Тяжелые сомнения лишают Макарова сна. Он чувствует, что с проектом что-то неладно. Не нравится ему эта «идеальная прямая», как выразился Николай. Тридцать два километра по такиру. И все насыпь. В сотый раз он просматривает аккуратно вычерченные профиля и поперечники, в сотый раз листает смету и пояснительную записку. Все правильно.
— Нет, не правильно, — со злостью бросает он на чертежи карандаш. — Нет, не правильно. Для того, чтобы построить такое полотно, да еще вручную, нужно много лет, много усилий.
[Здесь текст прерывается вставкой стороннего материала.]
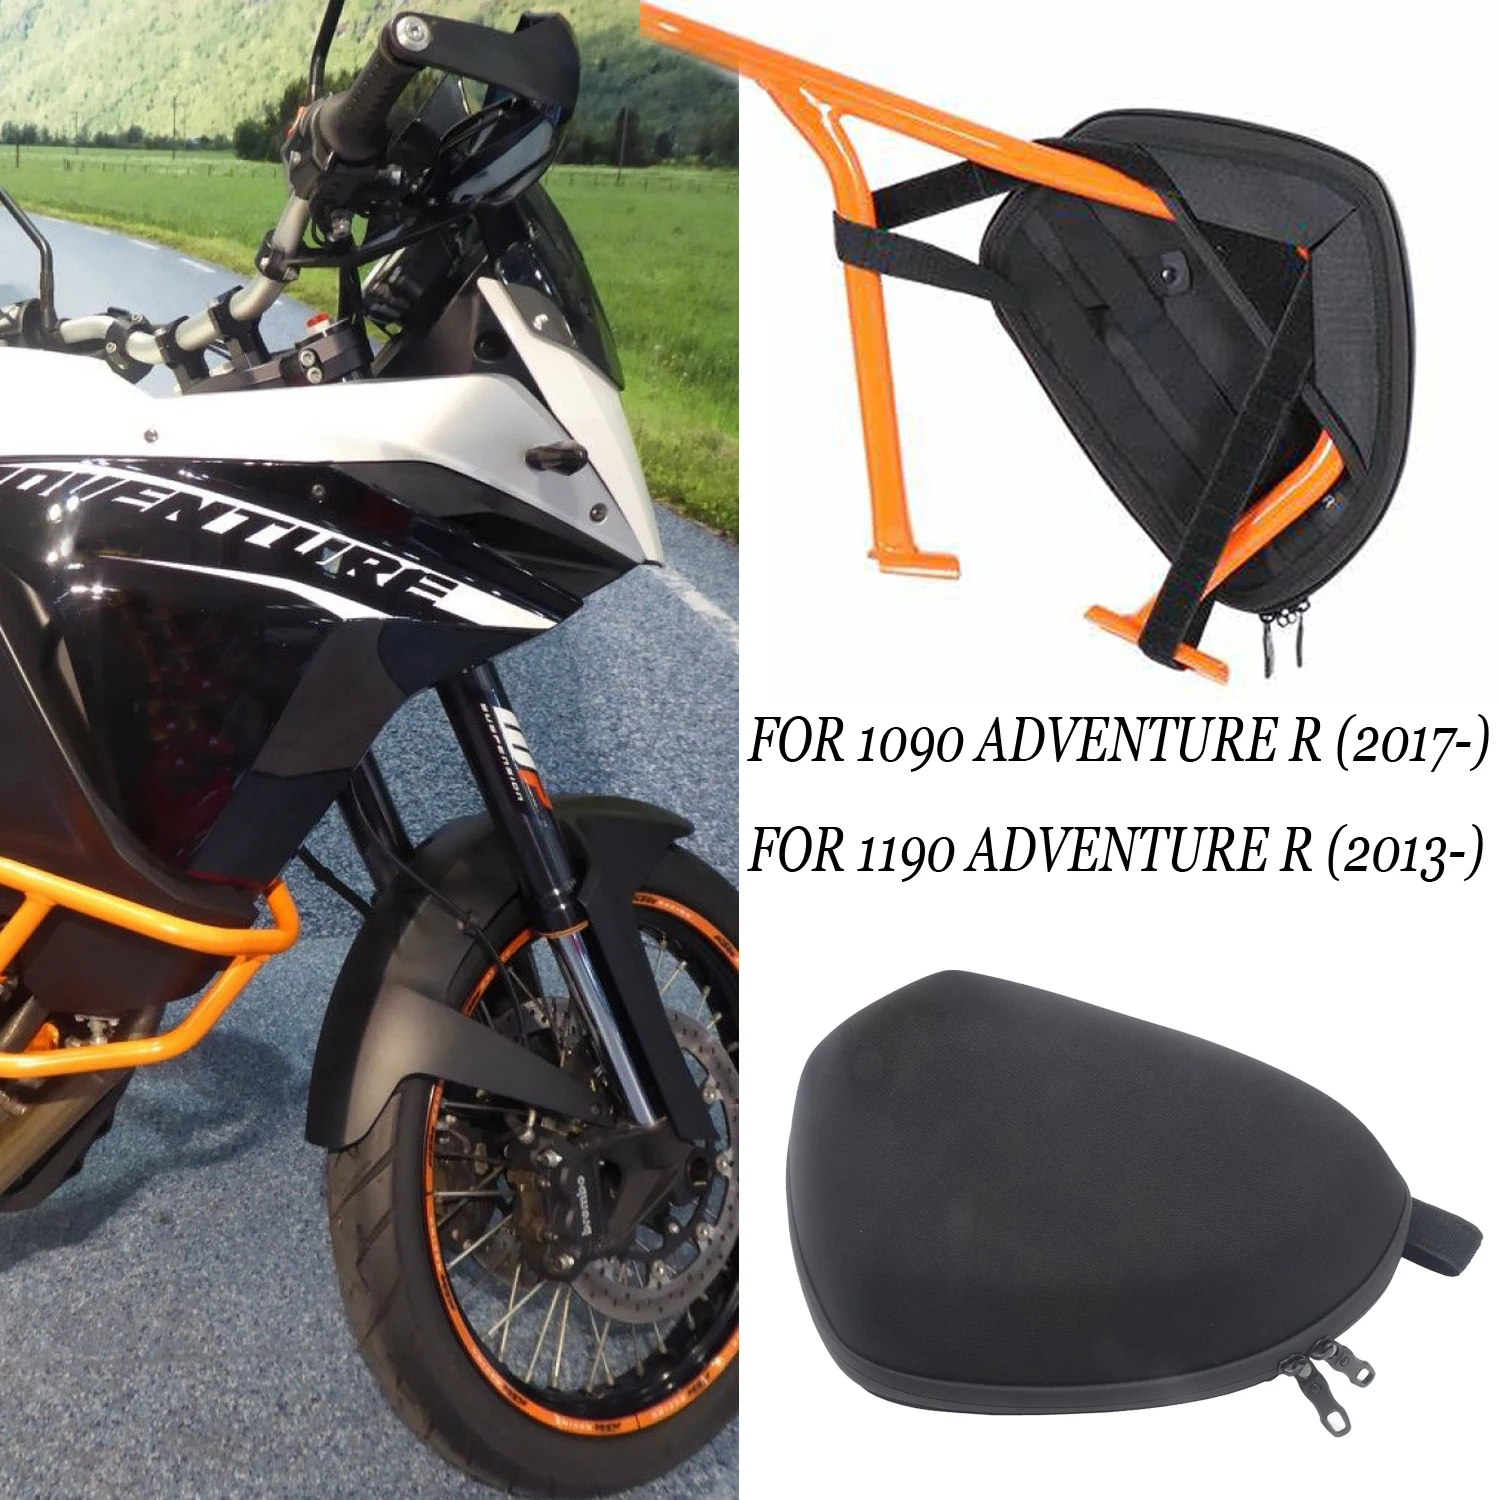 motorcycle-for-1190-adventure-r-2013-crash-bar-bags-frame-storage-package-for-1090-adventure-r-2017-2018-2019-2020-2021
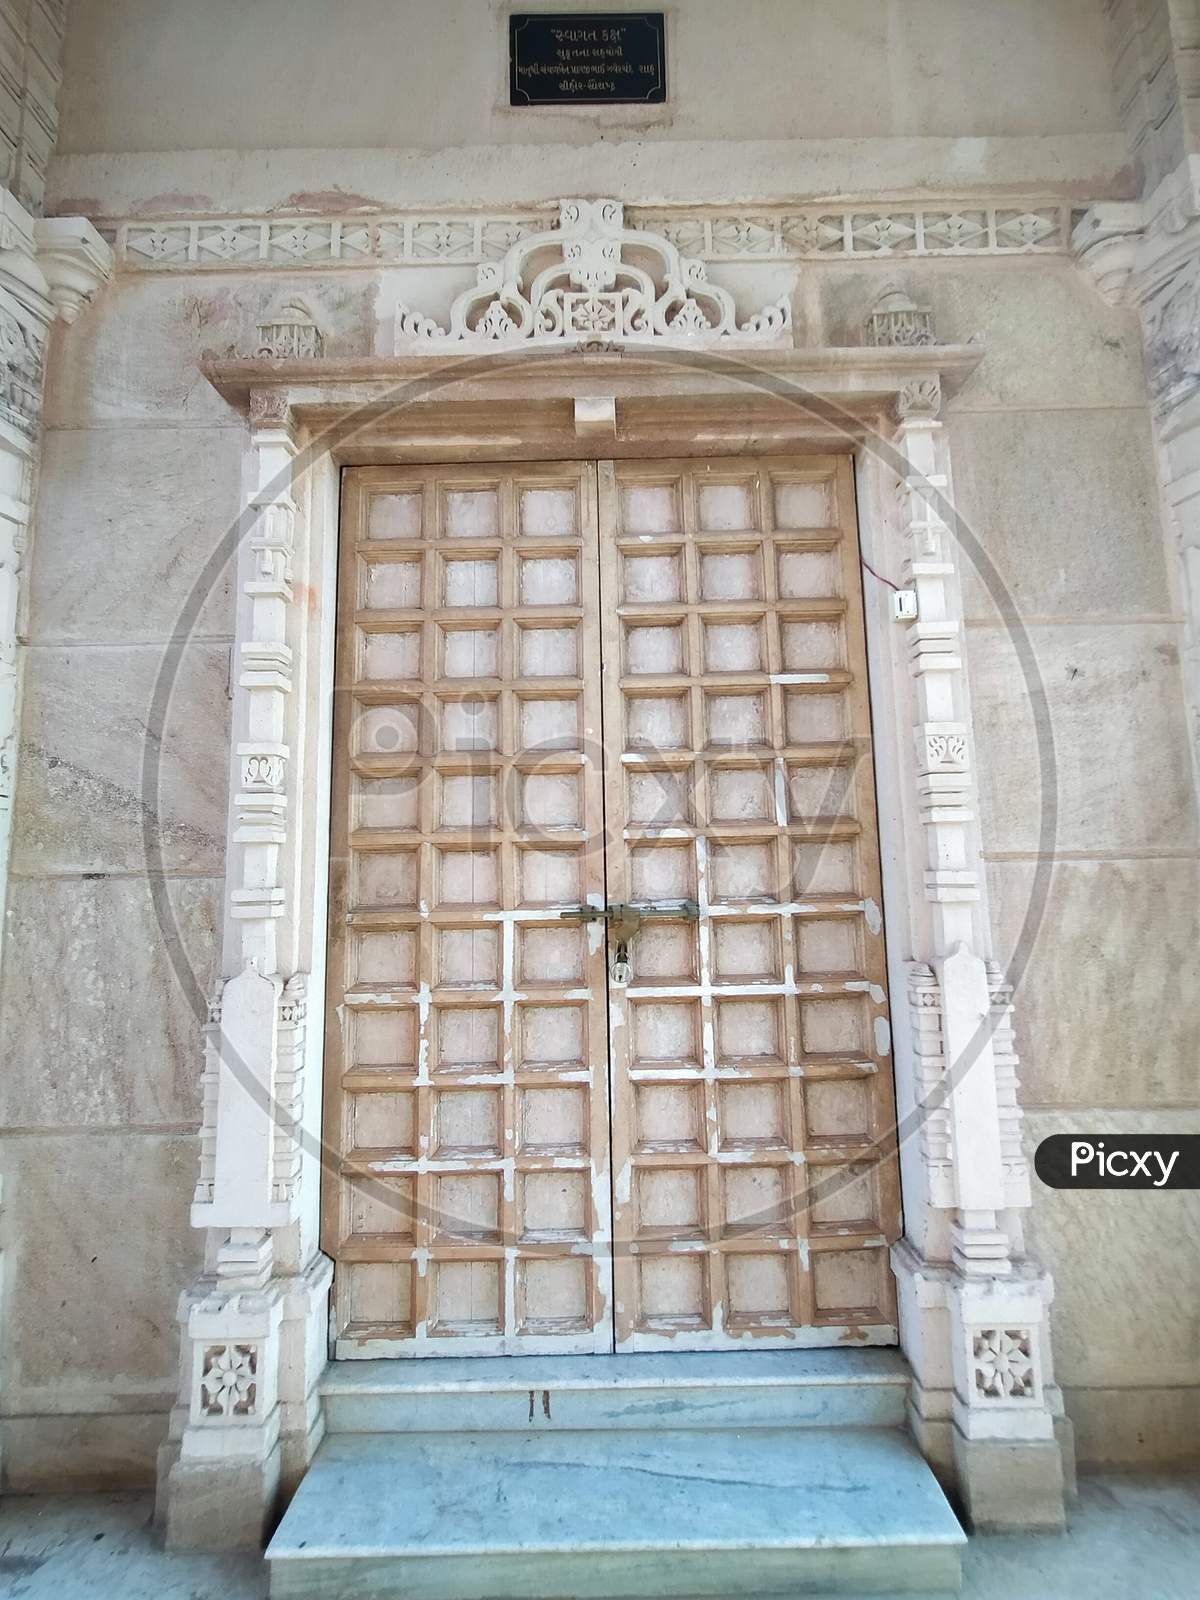 A door, historical place of Indian

— Нужно же реально смотреть на вещи, — вступает он в спор со своим невидимым собеседником. — Механизмов на стройке нет, да едва ли и будут в ближайшее время. Значит, все работы нужно производить вручную. Вручную! А ну-ка давай подсчитаем.
Он хватает со стола логарифмическую линейку и погружается в расчеты. На бумаге растут столбцы астрономических цифр.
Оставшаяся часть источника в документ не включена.